The buses 201, 202, 502, 602, and 701 described above may represent various design options for a bus implemented by the system logic 102. The system logic 102 may implement a bus according to any combination elements and configurations from buses 201, 202, 502, 602, or various other bus designs. For example, a bus implemented by the system logic 102 may include a first portion with a fixed data width (e.g., similar to bus 201) and a second portion with a widened data width to account for an effect of an on-chip variation in the system logic 102 at or within a predetermined distance from the second (e.g., widened) portion of the bus.

FIG. 8 shows an example of a design system 800. The design system 800 may determine a bus implementation for one or more buses in the system logic 102. In that regard, the design system 800 may determine an adapted bus design for implementing a particular bus in the system logic 102.

The design system 800 may include a communication interface 802, design logic 804, and user interface 806. The design logic 804 is part of the implementation of any desired functionality in the design system 800, including the creation, modification, analysis, or optimization of design of the system logic 102 of an electronic device 100. For example, the design logic 804 may include computer aided design (CAD) tools used for chip design, including bus layout.

The user interface 806 may display, for example, a graphical user interface (GUI) 708 that displays a design interface 810. The user interface 806 may accept bus configuration requirements, parameters, or criteria for adapting one or more buses in designing the system logic 102. The design interface 810 may visualize processing elements of a chip or IC implementing the system logic 102 and bus design options, criteria and configurations, as just a few examples.

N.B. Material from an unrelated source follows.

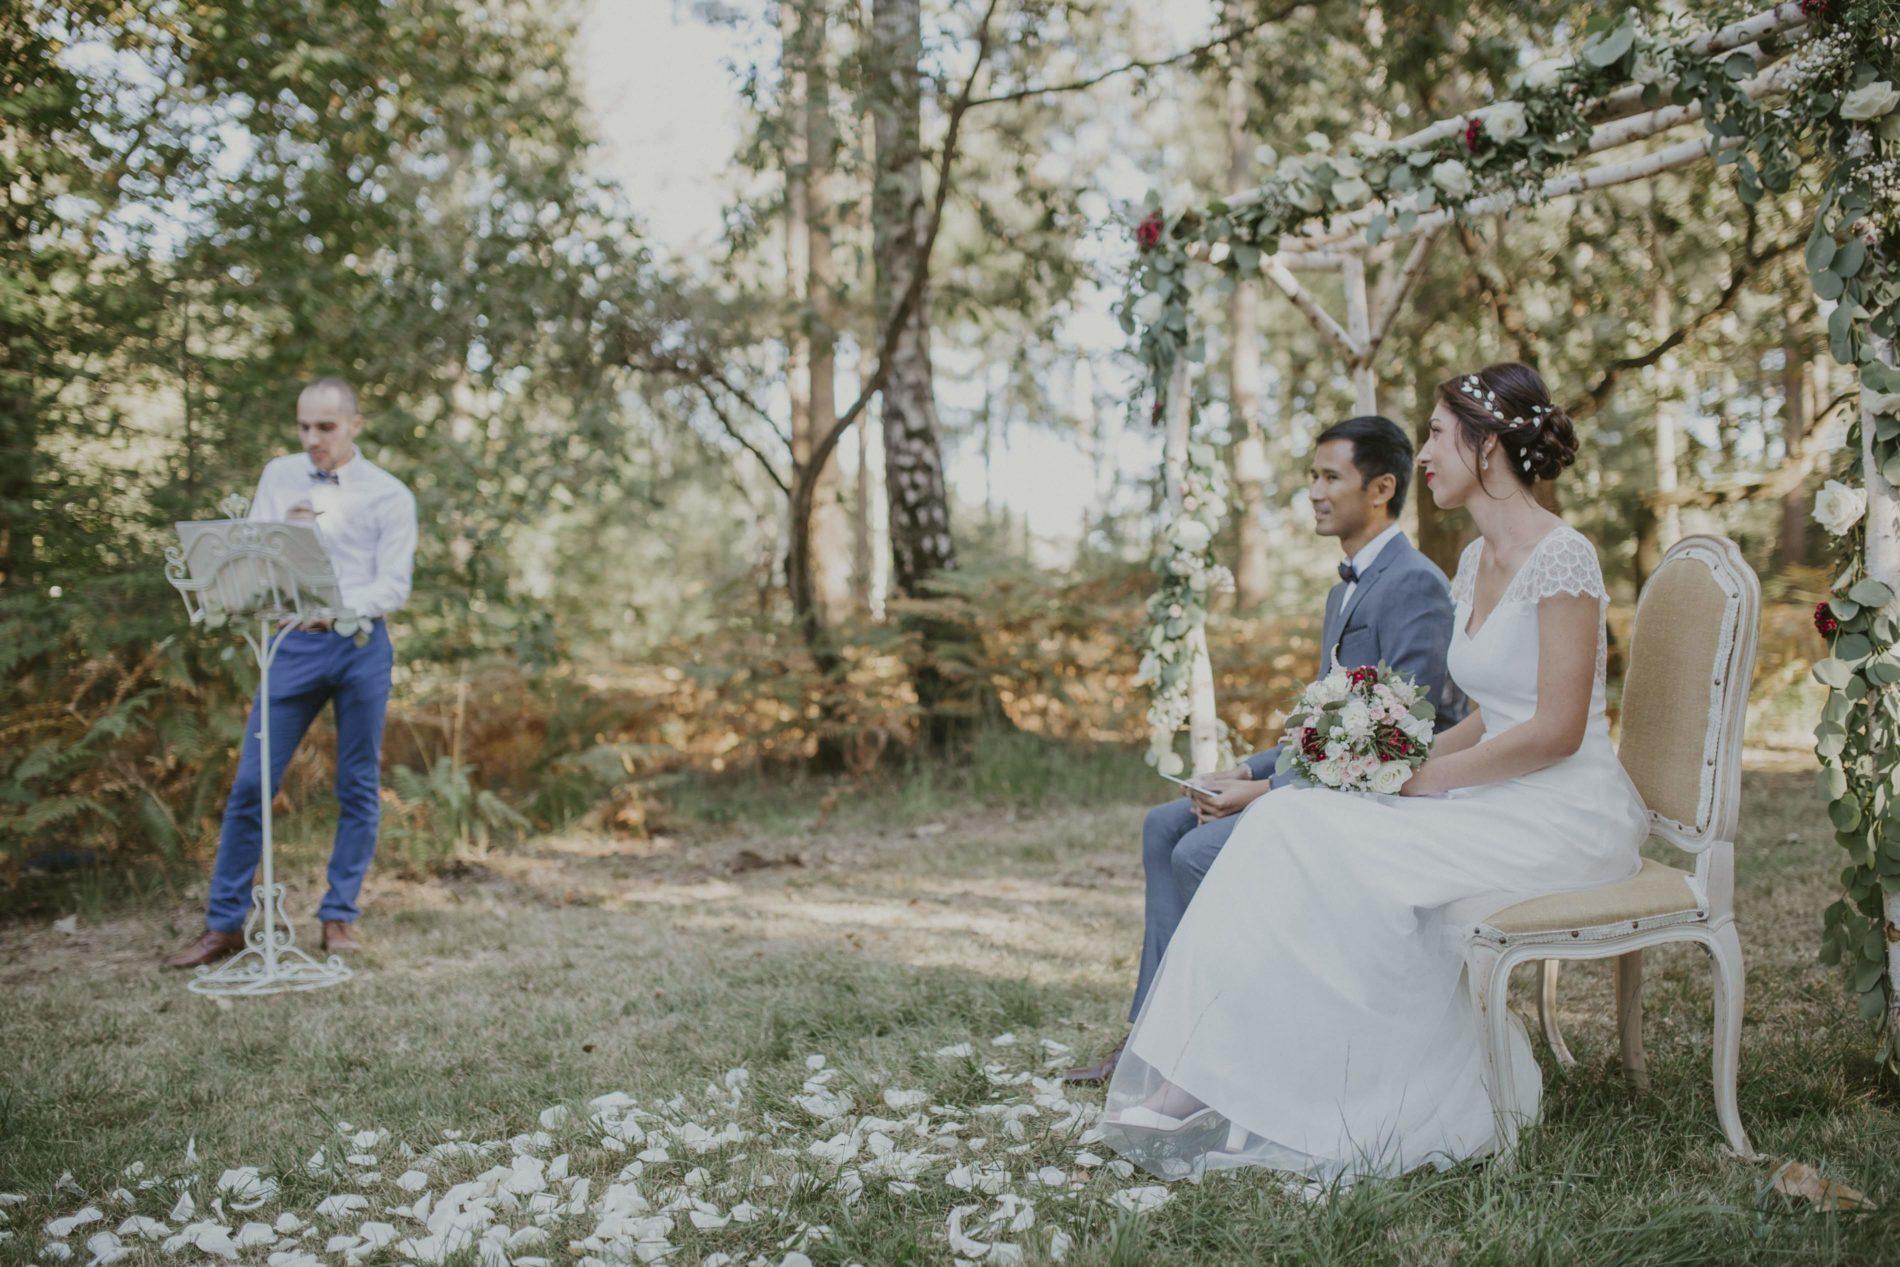 0166_03-CelineSereivuth-166-obonheurdesdames-decoration-mariage-location-Jordane-Chaillou

The design logic 804 may be implemented in hardware, software, or both. In one implementation, the design logic 804 includes one or more processors 816 and memories 818. The memory 818 may store design instructions 820 (e.g., program instructions) for execution by the processor 816. The memory 818 may also store adaptation parameters 822. The adaptation parameters 822 may specify any requirements, configurations, constraints, costs, parameters, or any other criteria associated with determining a bus implementation for one or more buses of the system logic 102. The adaptation parameters 822 may be preconfigured, configured through user input, or otherwise adjusted in any number of ways.

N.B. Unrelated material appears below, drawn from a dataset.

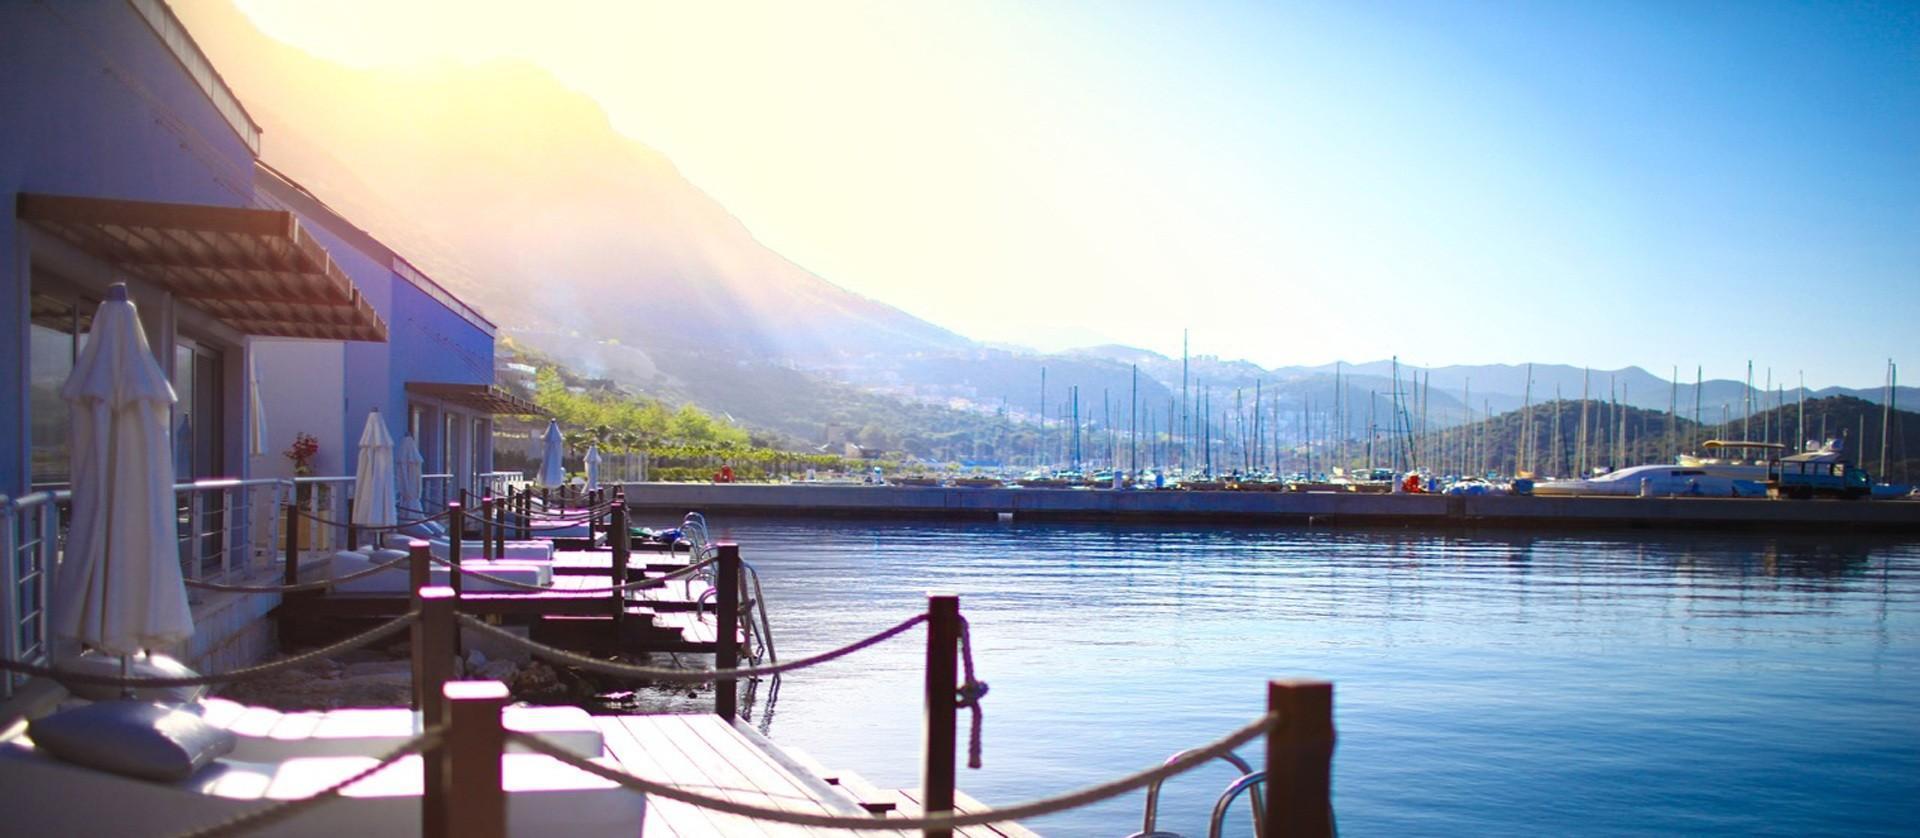 Doria Hotel And Yacht Club

FIG. 9 shows an example of logic 900 that the design logic 804 may implement to determine an adapted bus. The design logic 804 may implement the logic 900 as any combination of hardware, software, or firmware. For example, the design logic 804 may implement the logic 900 in software as the design instructions 820.

The design logic 804 may access the adaptation parameters 822 (902) and obtain a circuit layout (904). The circuit layout may include one or more processing components and the design logic 804 may identify a connection between a first and second processing component in the circuit layout (906). In some variations, the circuit layout may already include a bus linking a first and second processing component, and the design logic 804 may identify the bus as the connection. As such, the design logic 804 may adapt the bus according to one or more of the adaptation parameters 822. In other variations, the circuit layout may not include a bus linking the first and second processing components, and the design logic 804 may identify the connection as an area between the first and second processing components for determining an adapted bus.

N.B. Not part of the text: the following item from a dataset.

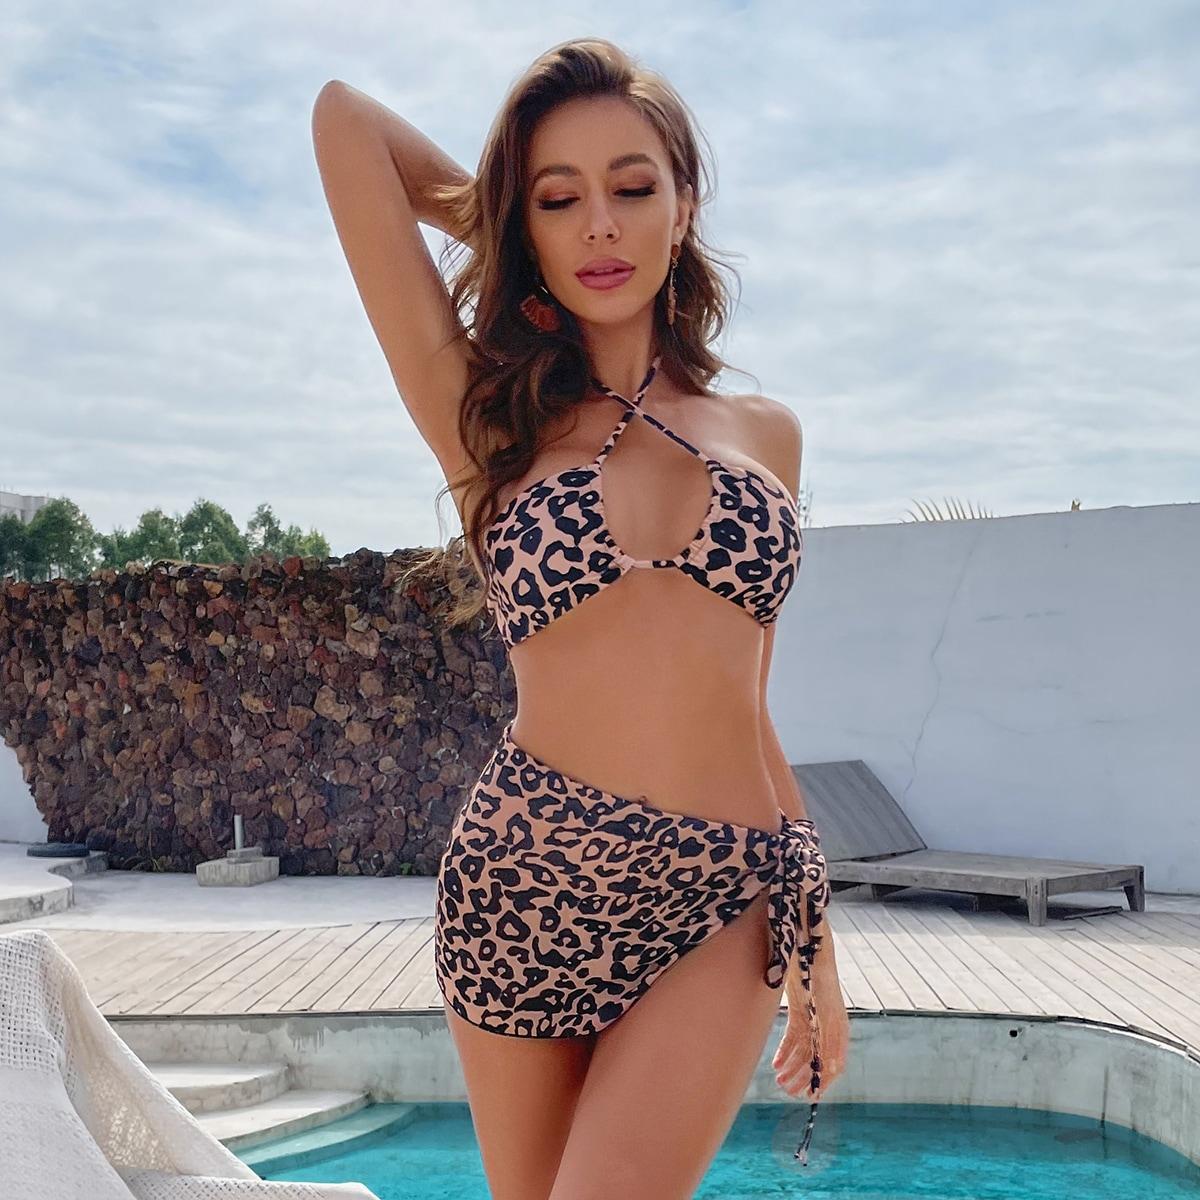 SHEIN / 3pack Leopard Halter Bikini Swimsuit & Beach Skirt

The design logic 804 may analyze the area between the first and second processing components (908) and determine one or more potential routes for linking the first and second processing components (910), e.g., one or more potential routes for an adapted bus. For a potential route, the design logic 804 may determine the presence of an adaptation characteristic along the potential route (912). Examples of adaptation characteristics are presented below. Upon identifying an adaptation characteristic along the potential route, the design logic 804 may determine a bus adaptation, such as widening or narrowing the bus width of the bus. The design logic 804 may continue to identify adaptation characteristics and determine bus adaptions until the route between the processing components ends (916).

In some implementations, the design logic 804 may determine multiple adapted busses along different potential routes between a first and second processing component. The design logic 804 may select one of the determined adapted busses according any number of selection criteria specified in the adaptation parameters 822. Examples of selection criteria may include lowest cost, lowest power consumption, criteria related to signal driving strength, fastest latency, combinations thereof or with any additional or alternative criteria.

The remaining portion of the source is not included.